Navigate to your experiment in the MLflow UI to see results.

Charts in the Overview tab display quality and performance trends over time

Assessments from automatic evaluation appear as columns in the Traces tab
Configuration Options
Sampling Rate
Control what percentage of traces are evaluated (0-100%). Balance cost and coverage based on your needs:
- Development: Use a high sampling rate to detect as many issues as possible before production deployment
- Production: Consider using lower rates if necessary to control costs
Filtering Traces
Use trace search syntax to target specific traces. Examples:
# Only evaluate successful traces
filter_string = "trace.status = 'OK'"
# Only evaluate traces from production environment
filter_string = "metadata.environment = 'production'"
For session-level evaluation, filters apply to the first trace in the session.
Session-Level Evaluation
Automatic evaluation can assess entire multi-turn conversations (sessions), in addition to individual traces.
- Session completion: A session is considered complete (ready for automatic evaluation) after no new traces arrive for 5 minutes (configurable)
- Re-evaluation: If new traces are added to the session after evaluation, the session is re-evaluated and previous automatic evaluation results are replaced
For more information about session evaluation, see Evaluate Conversations.
Best Practices
- Combine judges: Use multiple judges for comprehensive quality coverage
- Start with a high sampling rate, then scale down as needed: Use a high sampling rate during development to detect as many issues as possible before production deployment, then reduce for production if necessary to control costs
- Monitor costs: LLM-based evaluation has associated costs—adjust sampling accordingly
- Use filters strategically in production: Focus evaluation on high-value or high-risk traces
How It Works
LLM judges are periodically executed securely within the MLflow server as new traces and multi-turn conversations are received. Evaluation happens asynchronously and does not block trace logging, so your application's performance is unaffected.

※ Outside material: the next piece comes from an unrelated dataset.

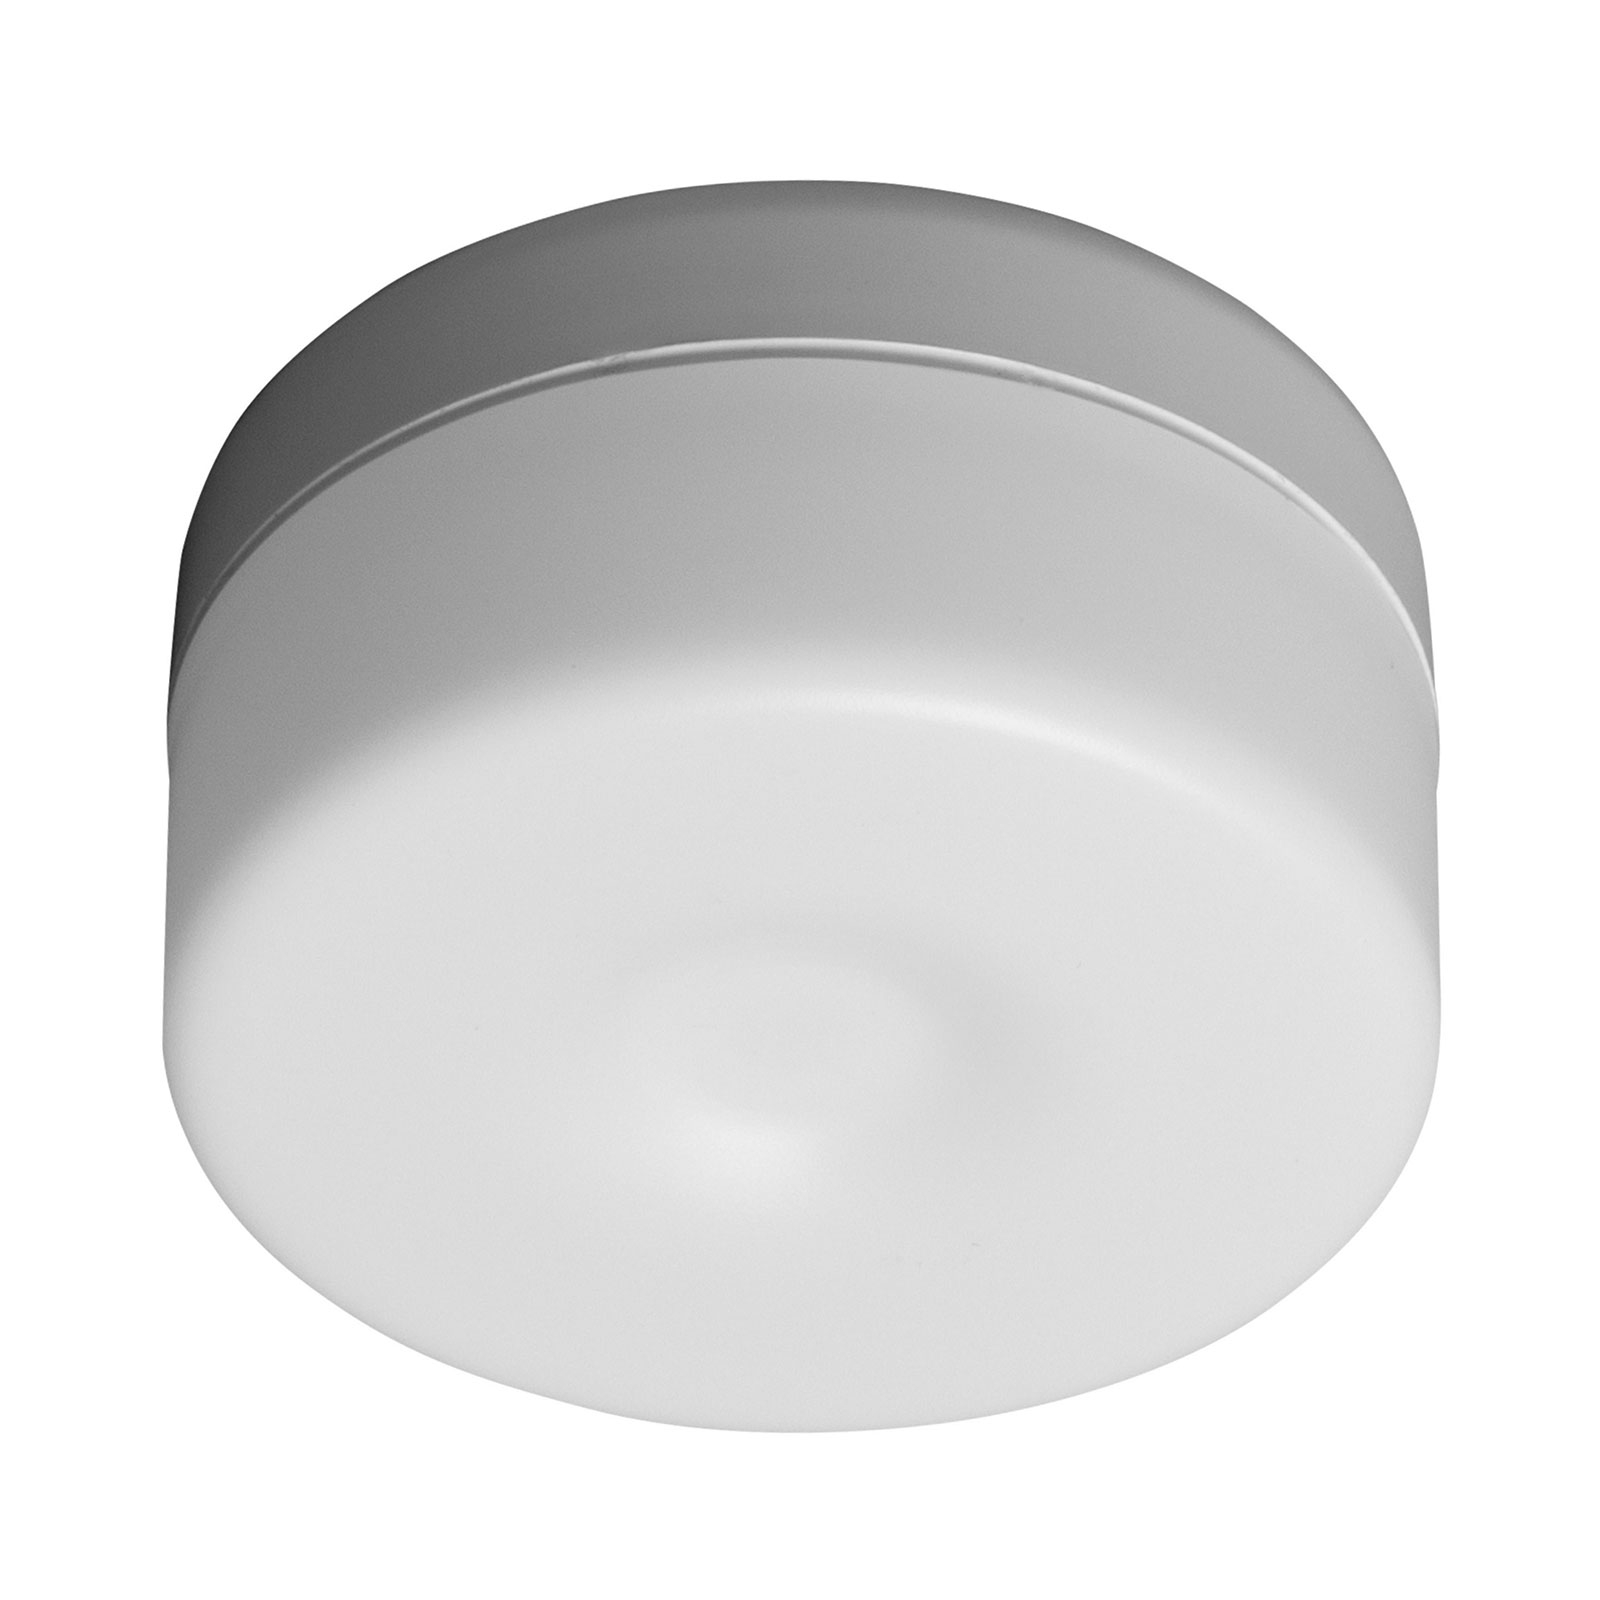 LEDVANCE DOT-it Touch High -kalustevalaisin

The MLflow Server uses AI Gateway endpoints to access LLMs for judge execution, ensuring secure and managed model access. Only the relevant trace or session data required by the judge (such as inputs, outputs, and context) is sent to the LLM.
Troubleshooting
| Issue | Solution |
|---|---|
| Missing assessments | Verify that the judge is active, the filter matches your traces, the sampling rate is greater than zero, and the traces are less than one hour old |
| Unexpected or unsatisfactory judge results | Edit the judge's instructions or use the align() method to optimize them automatically |
| Evaluation errors | Check trace/session assessments in the UI or SDK, or server logs, for details. Failed evaluations are not retried automatically |
For further debugging, enable debug logging on the MLflow server by setting the MLFLOW_LOGGING_LEVEL=DEBUG environment variable and checking the MLflow server logs.